Alli is the brand name for over-the-counter orlistat, marketed by GlaxoSmithKline. Orlistat is a weight loss drug that also comes in prescription strength for the treatment of obesity. Alli contains 60 mg orlistat, while the prescription-strength form--Xenical--contains 120 mg orlistat.
Alli is taken up to three times a day just before meals. Alli works by limiting the ability of lipase, an enzyme in the body that breaks down fat in the digestive tract. Because the fat is not completely broken down by the disabled lipase, the body cannot absorb all the fat ingested during a meal. According to the Alli website, Alli works to prevent about a quarter of the fat eaten from being absorbed. This, in turn, helps aid in reducing caloric intake and promoting weight loss.

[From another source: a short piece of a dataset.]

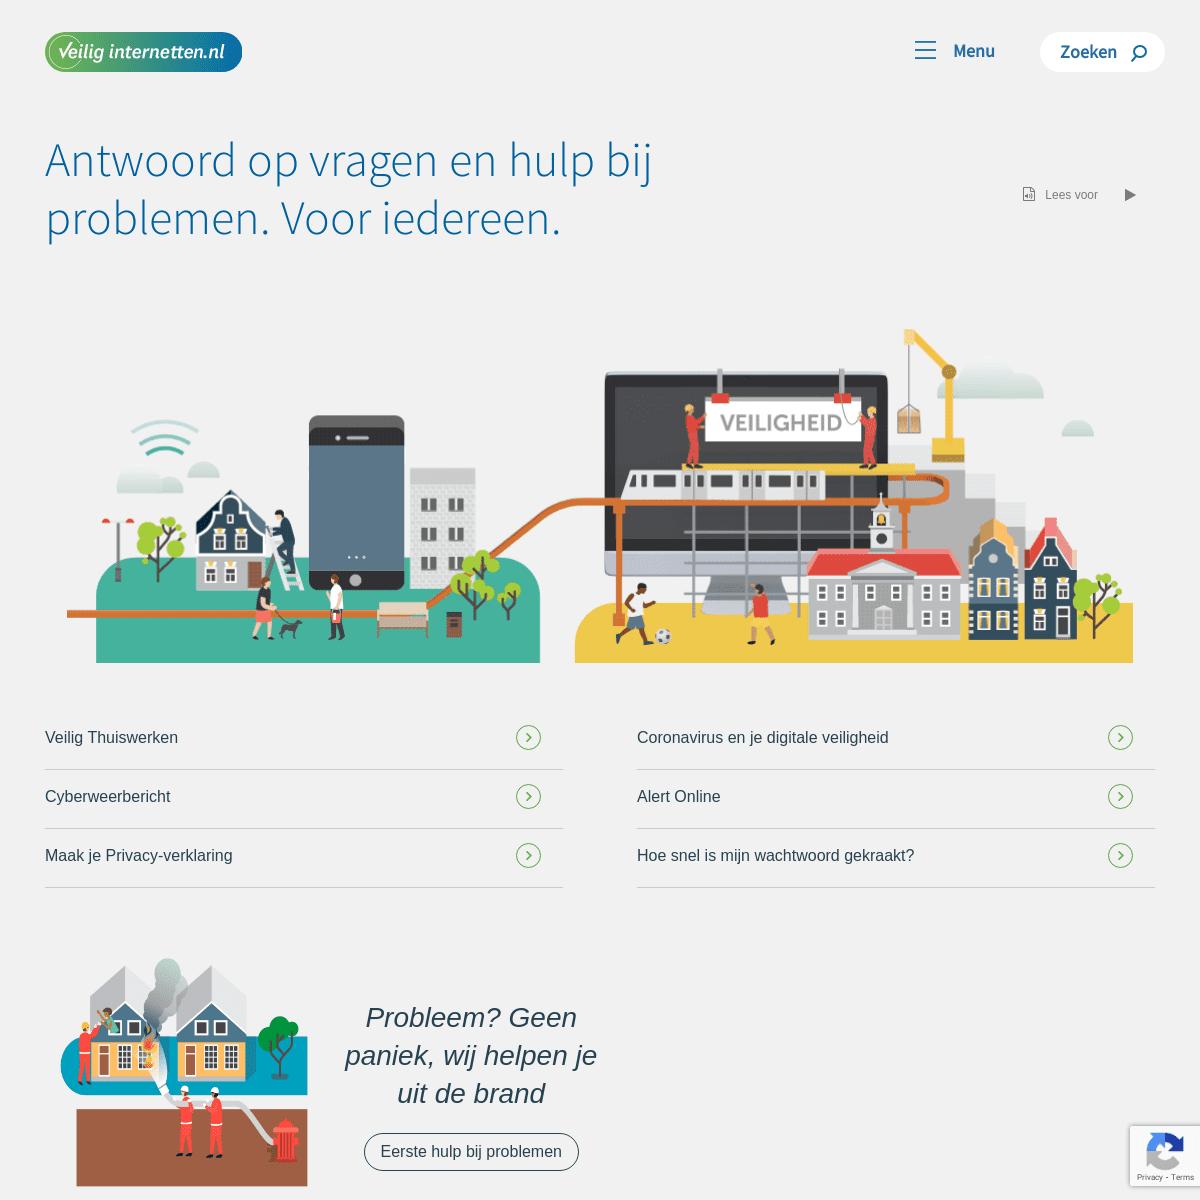 A complete backup of https://veiliginternetten.nl

While there has been a fair amount reported on Alli side effects--such as loose or runny stools, diarrhea, urgent bowel movements, gas with oily spotting, and abdominal pain--reports of serious liver injury have received worldwide attention. Between 1999 and October 2008, 32 reports of serious liver injury, including 6 cases of liver failure, in patients using orlistat were submitted to FDA's Adverse Event Reporting System. Thirty of the 32 reports occurred outside the United States. The most commonly reported adverse events described in the 32 reports of serious liver injury were jaundice (yellowing of the skin or whites of the eyes), weakness, and abdominal pain. Hospitalization was reported in 27 of the 32 cases.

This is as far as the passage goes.